▶ **TASK REQUIREMENTS**: Give all the lines below again, exactly, with no pictures.

▶ **INPUT DATA**:
# # # # # # #

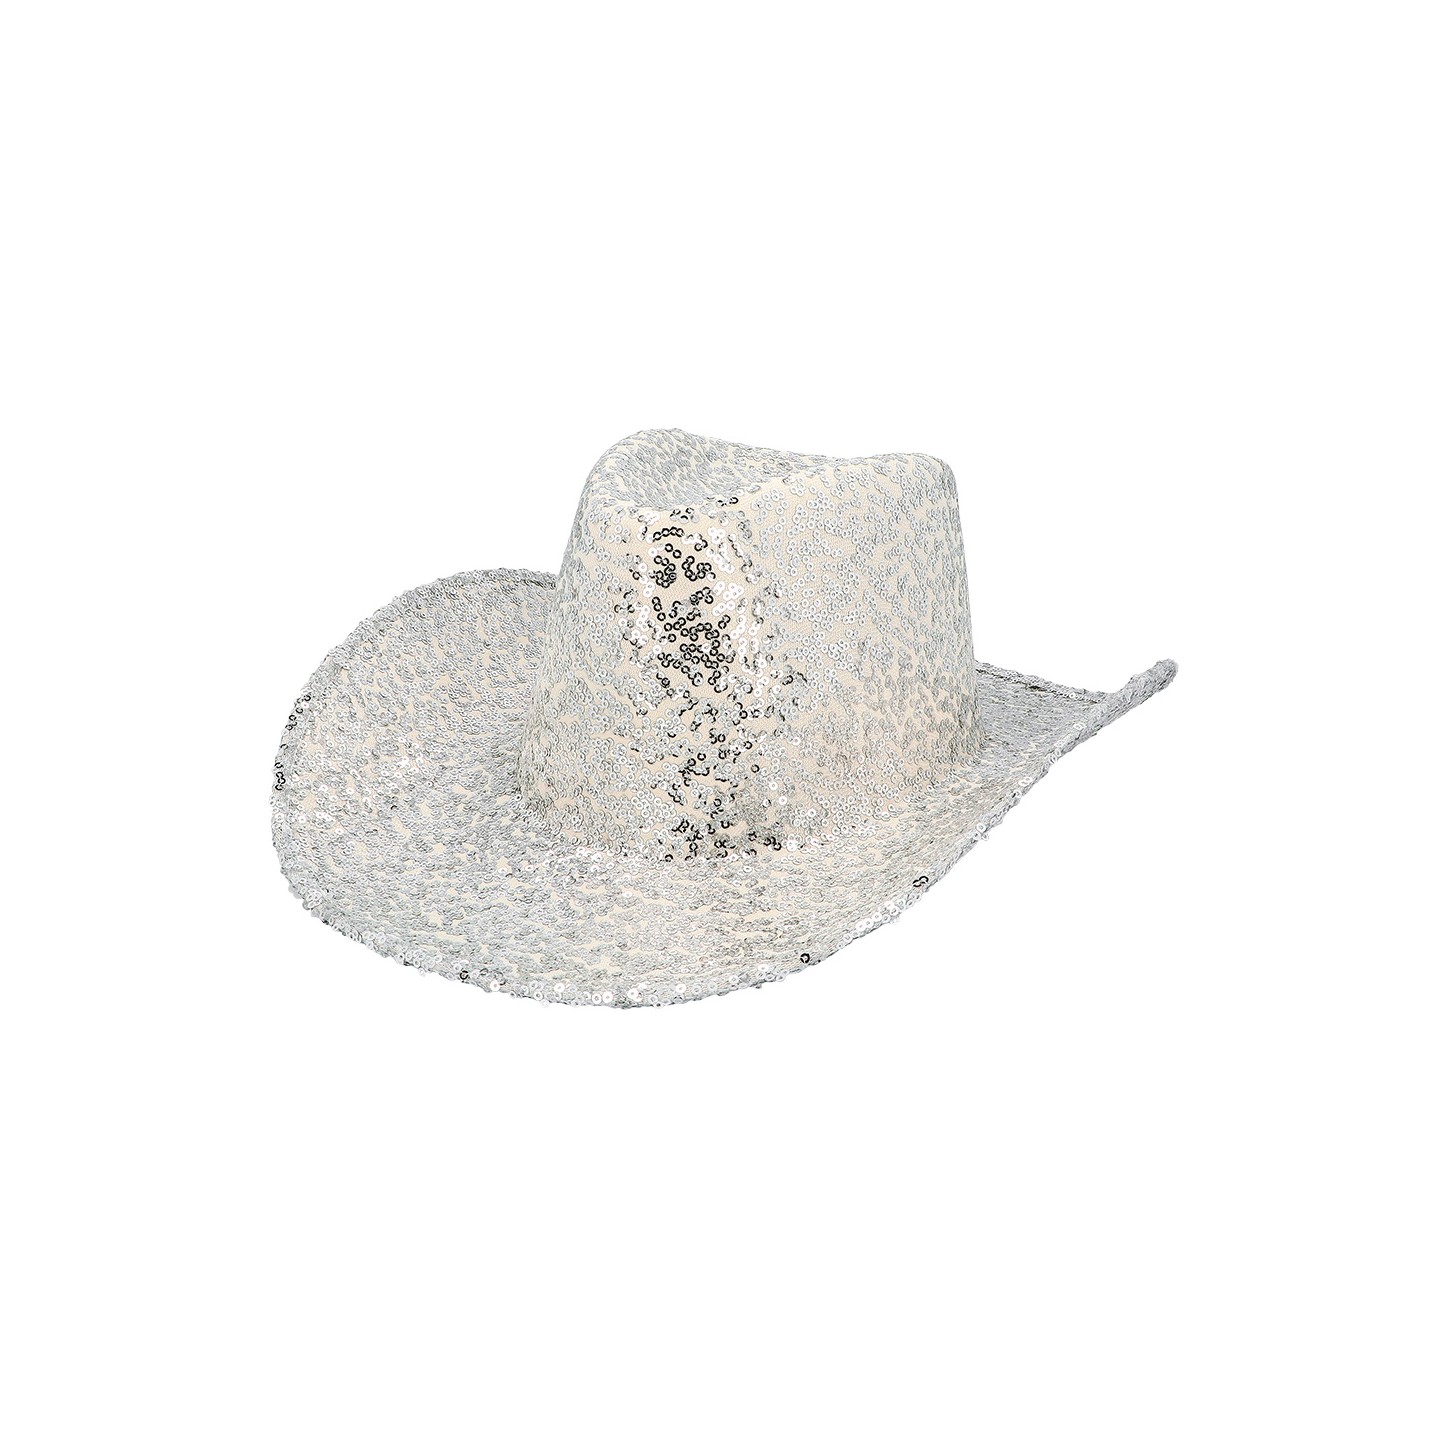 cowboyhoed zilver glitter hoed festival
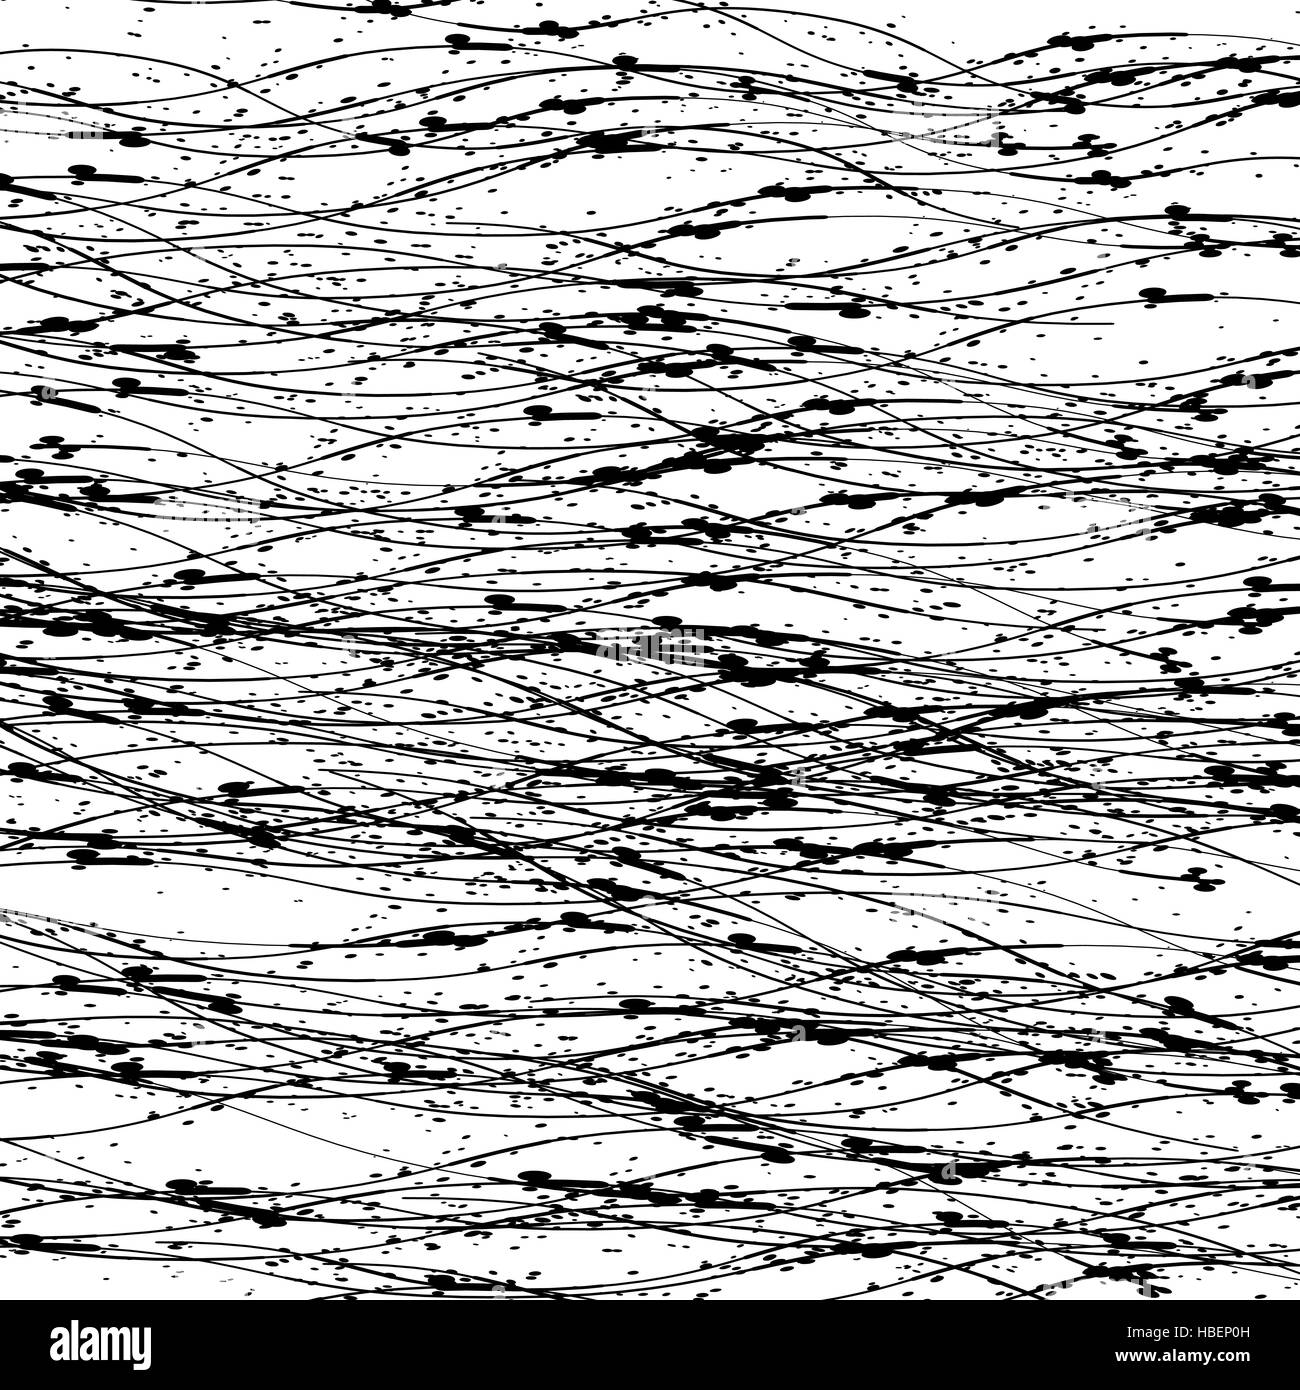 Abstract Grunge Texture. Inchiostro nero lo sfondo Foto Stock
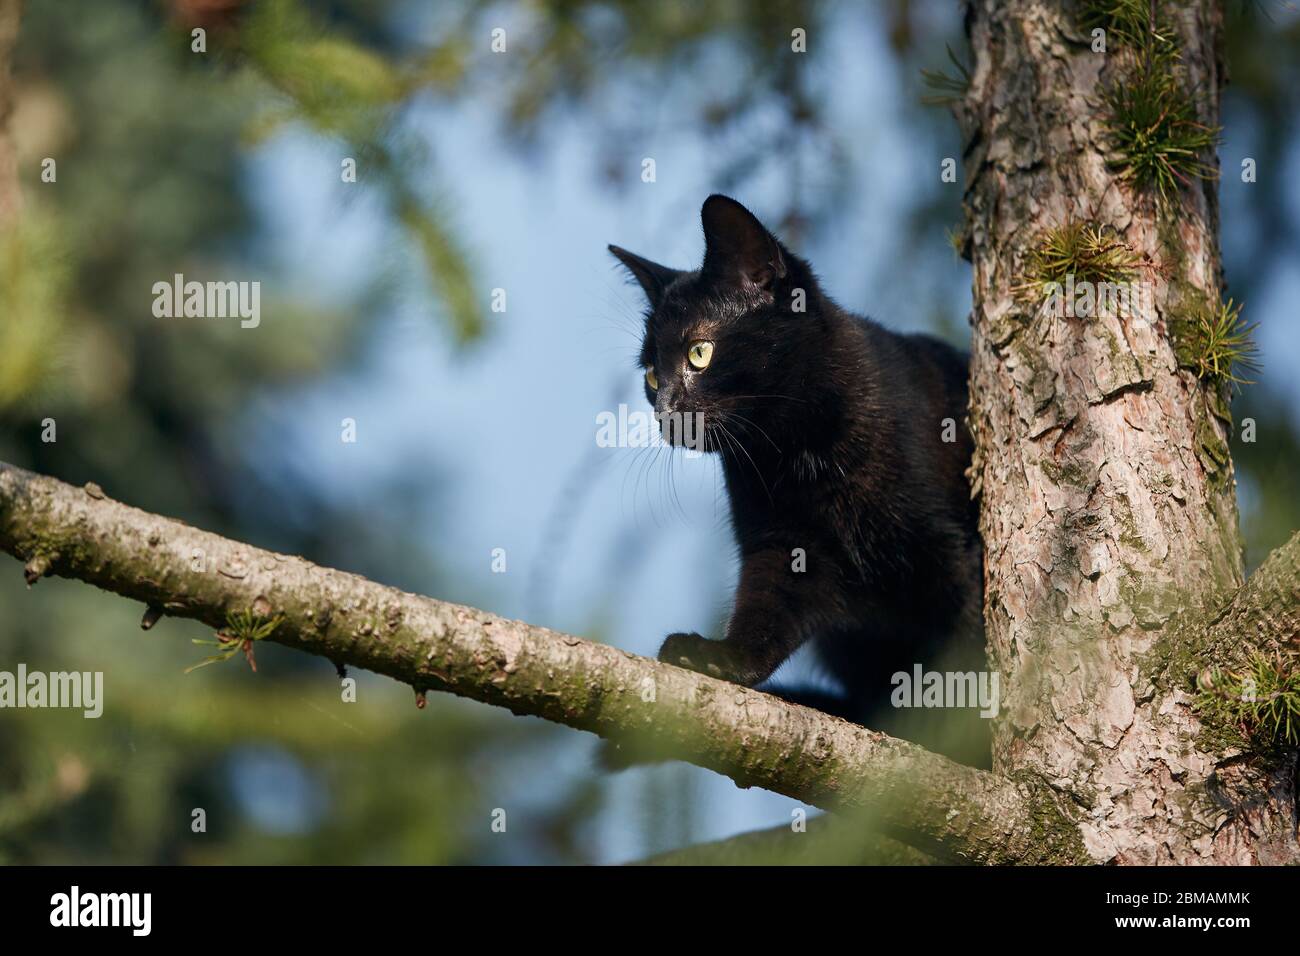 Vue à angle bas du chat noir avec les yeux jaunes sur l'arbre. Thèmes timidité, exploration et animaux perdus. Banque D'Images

# # # # # # #

▶ **WRITTEN SOLUTION**:
 cowboyhoed zilver glitter hoed festival
 Abstract Grunge Texture. Inchiostro nero lo sfondo Foto Stock
 Vue à angle bas du chat noir avec les yeux jaunes sur l'arbre. Thèmes timidité, exploration et animaux perdus. Banque D'Images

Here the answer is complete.